WHAT IS BEING ASKED: What you return should be only the lines in the entries below between the one holding "Briarcliff Soccer Women's" and the one holding "Калъф Cellularline - Prisma, за", ends included, with every picture left out.

INFORMATION SUPPLIED:
····················
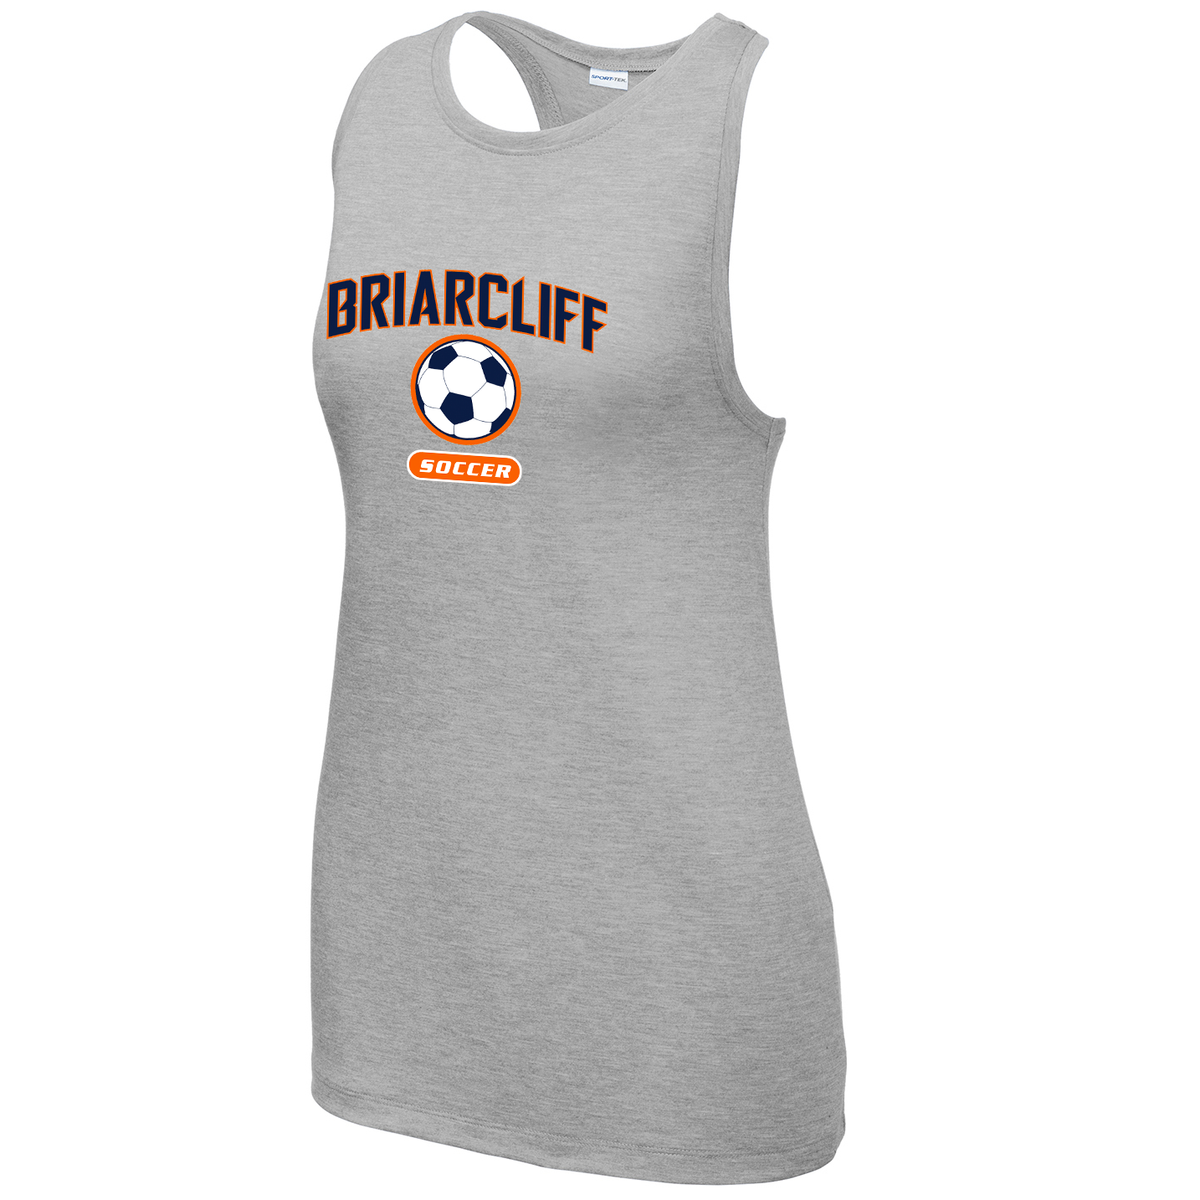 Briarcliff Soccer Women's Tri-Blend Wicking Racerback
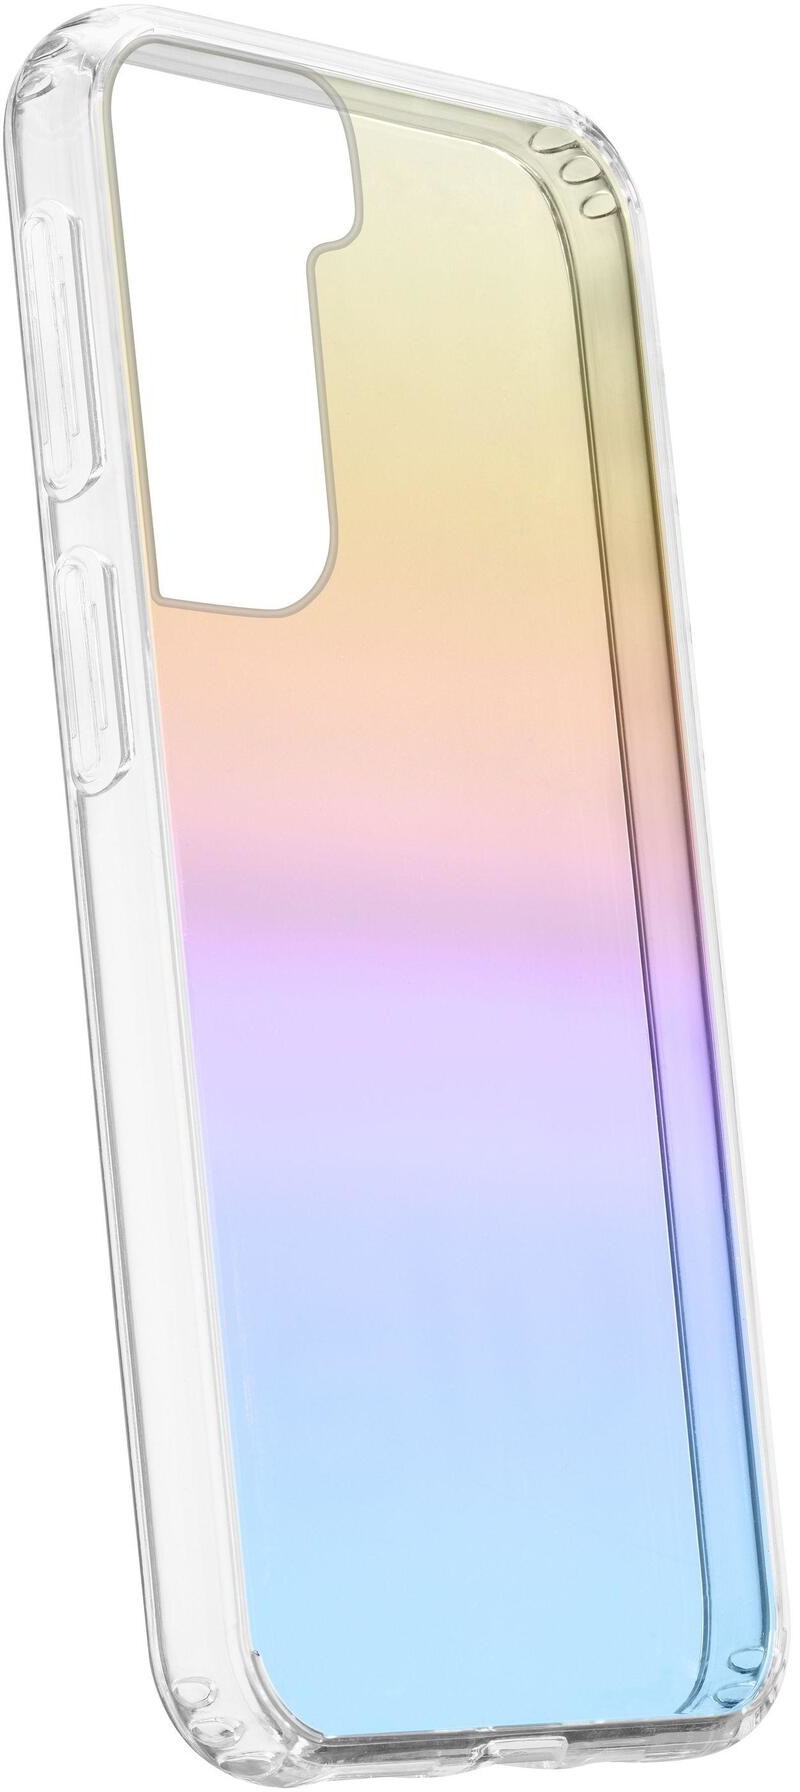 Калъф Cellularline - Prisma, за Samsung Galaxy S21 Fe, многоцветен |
····················
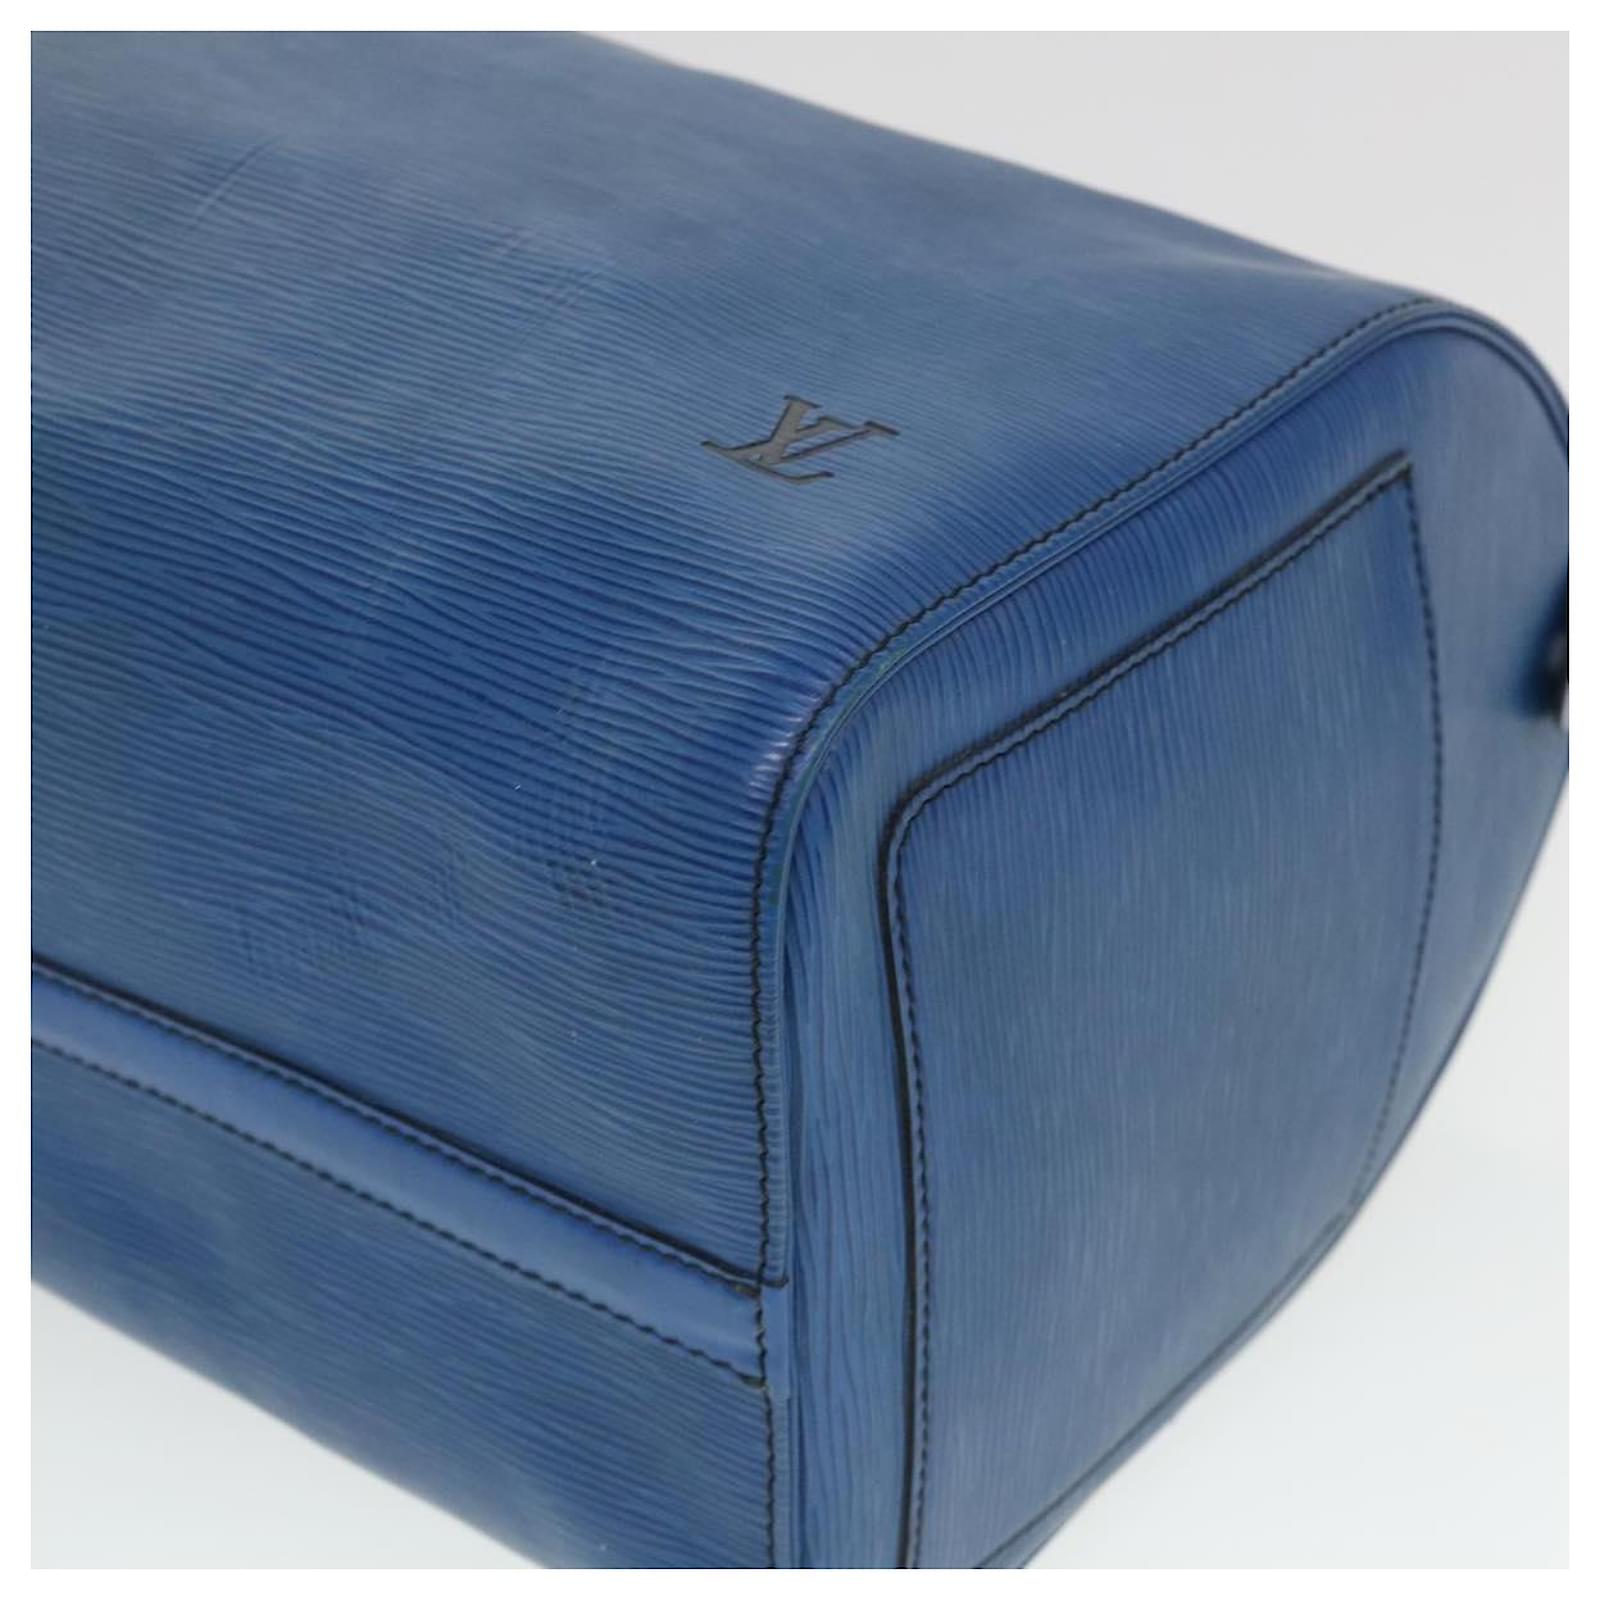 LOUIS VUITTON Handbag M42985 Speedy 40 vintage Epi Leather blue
····················
RESULT OF THIS EXERCISE:
 Briarcliff Soccer Women's Tri-Blend Wicking Racerback
 Калъф Cellularline - Prisma, за Samsung Galaxy S21 Fe, многоцветен |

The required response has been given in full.